In a surprising outcome, the OSTP, which had a puny $6.6 M FY’11 budget, took a 32% hit and received only $4.5 M for FY’12. According to Mervis’ story, this seems to be a tit-for-tat move on the part of Representative Frank Wolf (R-VA), who has been squabbling with OSTP over the Obama Administration’s interactions with China regarding high-technology sectors, including space.
Mervis quotes Charles Vest, president of the US National Academy of Engineering, “OSTP sits at the center of the federal government’s thinking and planning for science and technology that are at the absolute heart of what our nation has to do to remain competitive and to lead in the 21st century.”
What it means for OSTP and its 90 employees is unclear. In the article, OSTP’s director, John Holdren, says the smaller budget “will mean a lot of belt tightening and, inevitably, some reduction in the range of domains in which OSTP maintains a major presence.”
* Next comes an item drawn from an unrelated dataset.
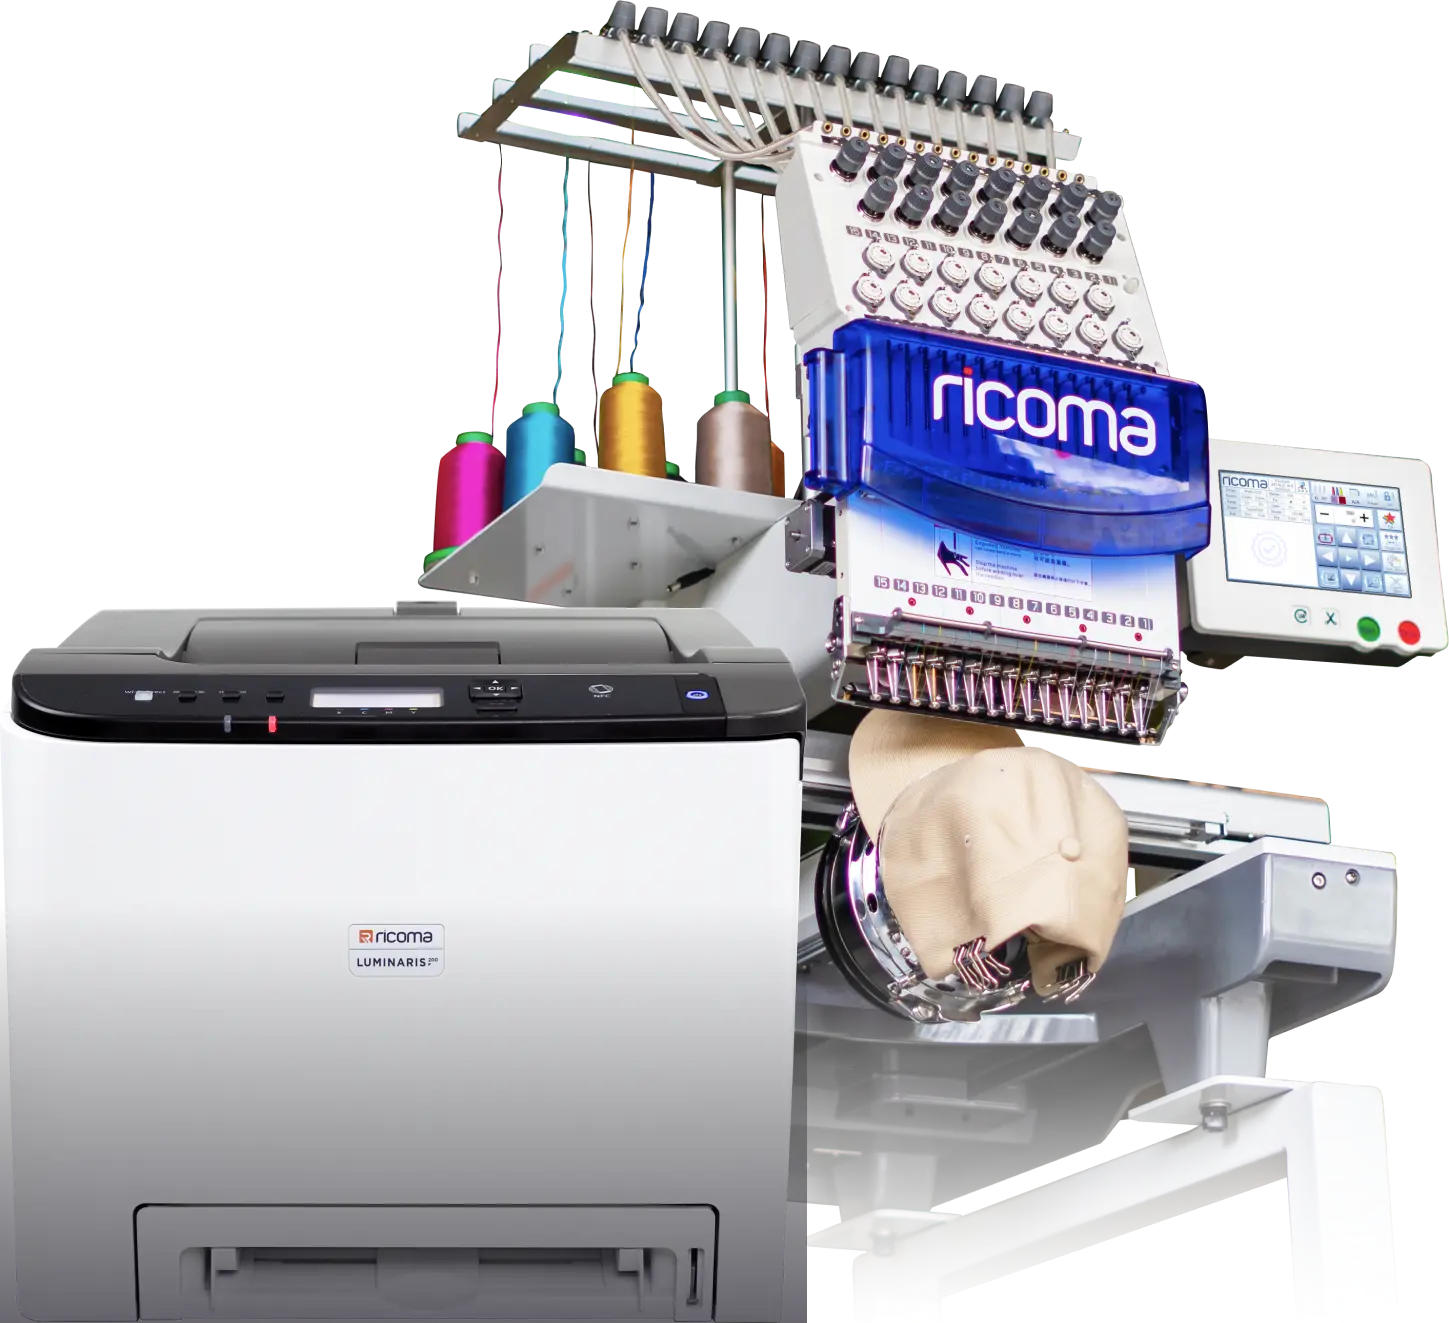 Ricoma 10 Needle Embroidery Machine Complete Package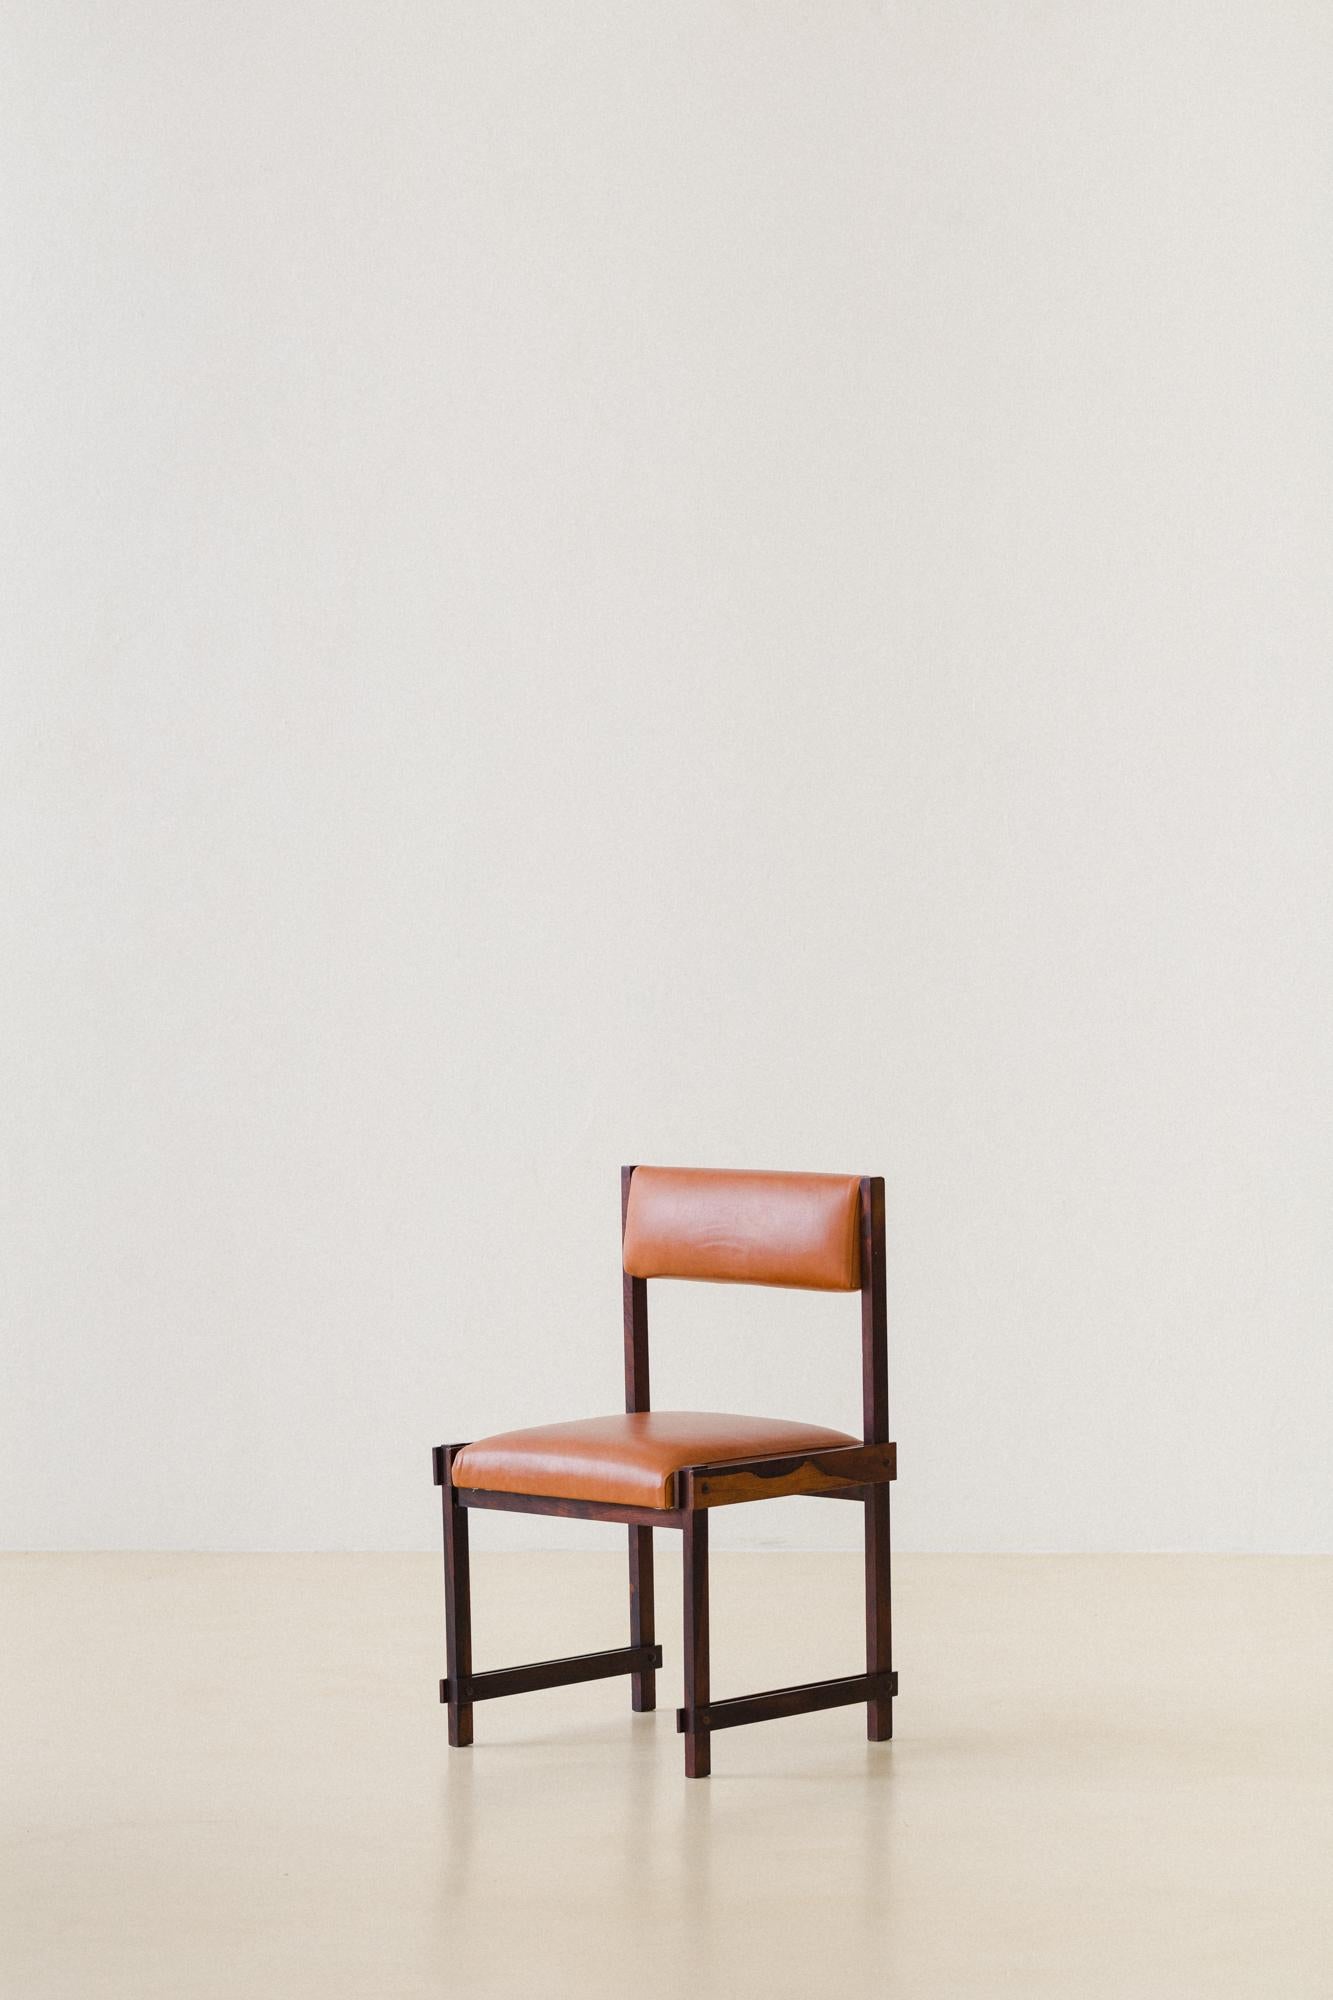 Mid-20th Century Brazilian Rosewood Dining Chairs by FAI 'Fatima Arquitetura Interiores', 1960s For Sale

Since they were unveiled last summer, OSTP has been the leading voice for new White House initiatives that are of keen interest to the materials science and engineering community—the Materials Genome Initiative and the Advanced Manufacturing Partnership.
Cyrus Wadia, OSTP assistant director for clean energy and materials R&D, said in an email, “We do not foresee the budget cut having an impact on the MGI.” He may be right. Both the MGI and the AMP were envisioned as multi-agency, decentralized efforts, which should work to OSTP’s advantage as it adjusts to doing its job with a whole lot less.